Revealing networks of neural information flow based on analysis of neural electrophysiology recordings (SH 2007, Joshua Peck)
Behaviour and perception depend on activity within the neural connections in the brain. Understanding the networks of neural information flow and how they change over time and for different behaviour may help us understand how the brain works. We have recently shown that Bayesian network inference algorithms are capable of revealing these neural information flow networks when applied to electrophysiology recordings. This project involves application of these algorithms to multi-unit electrophysiology data collected from the auditory regions of female zebra finches; among other things, the student will explore whether or not the networks differ when looking across different time scales, indicating multiple levels of information coding in the brain.
Exploration and Modification of a Teaching Strain of Yeast (SH 2008-9, Kathryn Munro)
First year Molecular Biology students explore the mystery of the “Red and White Yeast” in a laboratory practical at the end of the year. This senior honours project further explores this yeast strain, and engineers new strain(s) for use in future years.
Characterisation of single cell variation in protein expression of stress induced proteins in yeast (Summer 2007, Christina Müller)
Gene and protein expression are usually measured as population means, which does not provide information on individual variation in across cells. However, many computational analyses need to make assumptions about the distribution of such individual variation. This project measures and characterises the individual variation in the expression of yeast stress reponse proteins. GFP-fusions to stress response proteins of interest will be made. Then measurements will be taken in a flow cytometer, where fluorescence level of a cell corresponds to its protein expression level. The distribution across individual cell’s will be fit to standard statistical distributions, and the response of the expression over time and level of stress will also be examined.
Creation of genetically modified yeast with fluorescent fusion proteins and titratable promoters (Summer 2006, Christina Müller)

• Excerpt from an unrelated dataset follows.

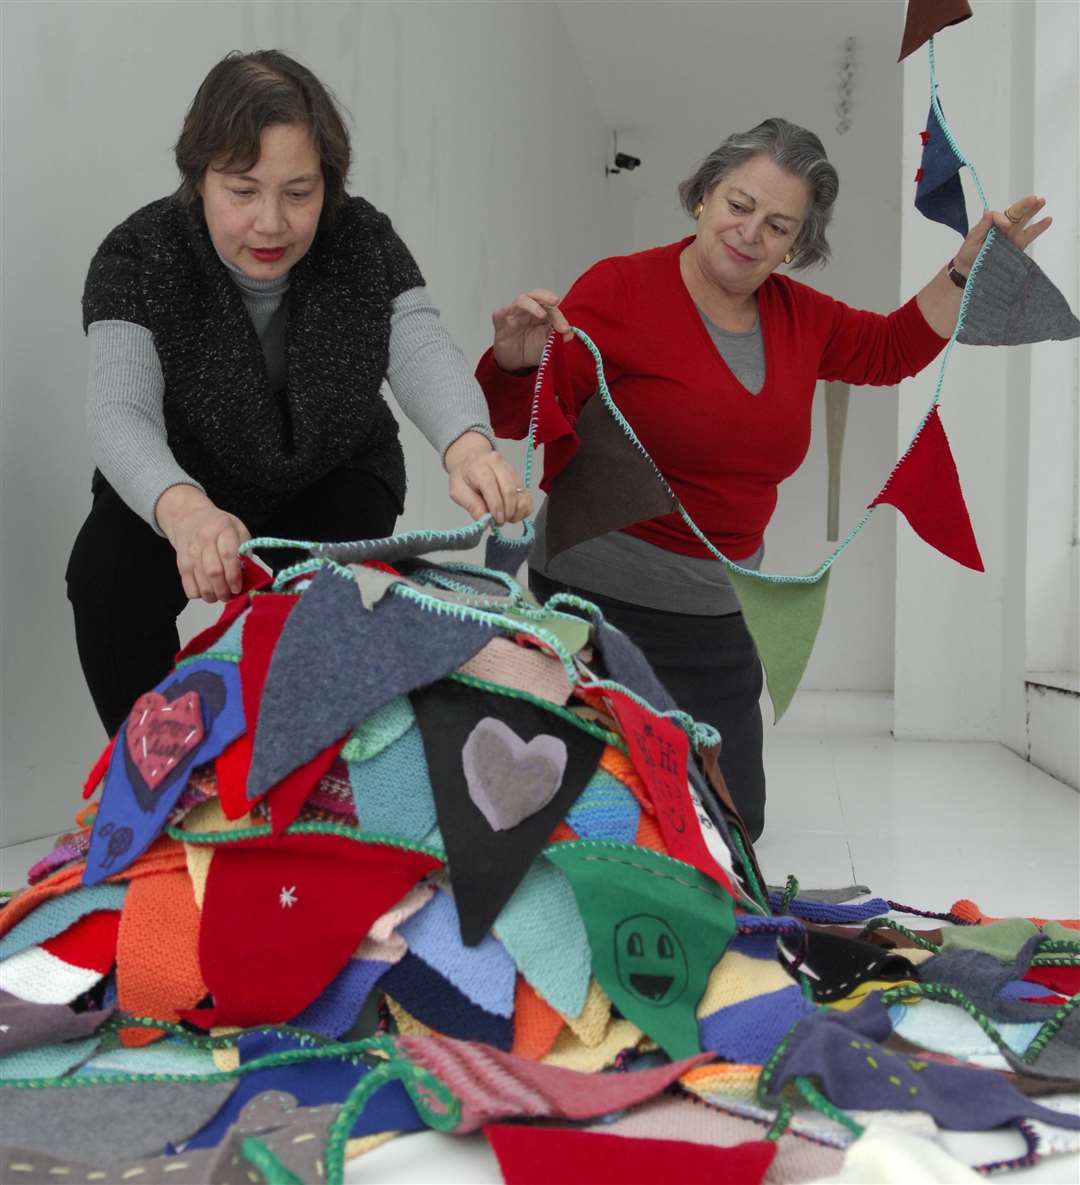 Clare Smith, left, and Joanna Jones, of DAD, initiating community workshops to create one mile of bunting to hang in the town to welcome the Olympic Torch for the London 2012 Games.

Amount of fluorescence can be measured quantitatively on a cell-by-cell basis using a fluorescence flow cytometer. This technique can be used to quantify the level of protein expression of proteins of interest, if they are fused to fluorescent proteins (for example, GFP—green fluorescent protein, RFP—red fluorescent protein). This project involves the creation of genetically modified yeast (Saccharomyces cerevisiae) strains having fluorescent fusion proteins to putative regulatory and target genes involved in yeast stress response. Plasmids containing the desired genetic material must first be transformed into E. coli for production of large quantities of the DNA, and then the plasmids must be extracted, the relevant DNA copied using PCR, and transformed into yeast. Finally, putative regulators will have titratable promoters which will be varied to induce different levels of expression of the gene, and thus the protein. Success of the modifications will be observed using flow cytometry and/or fluorescent microscopy.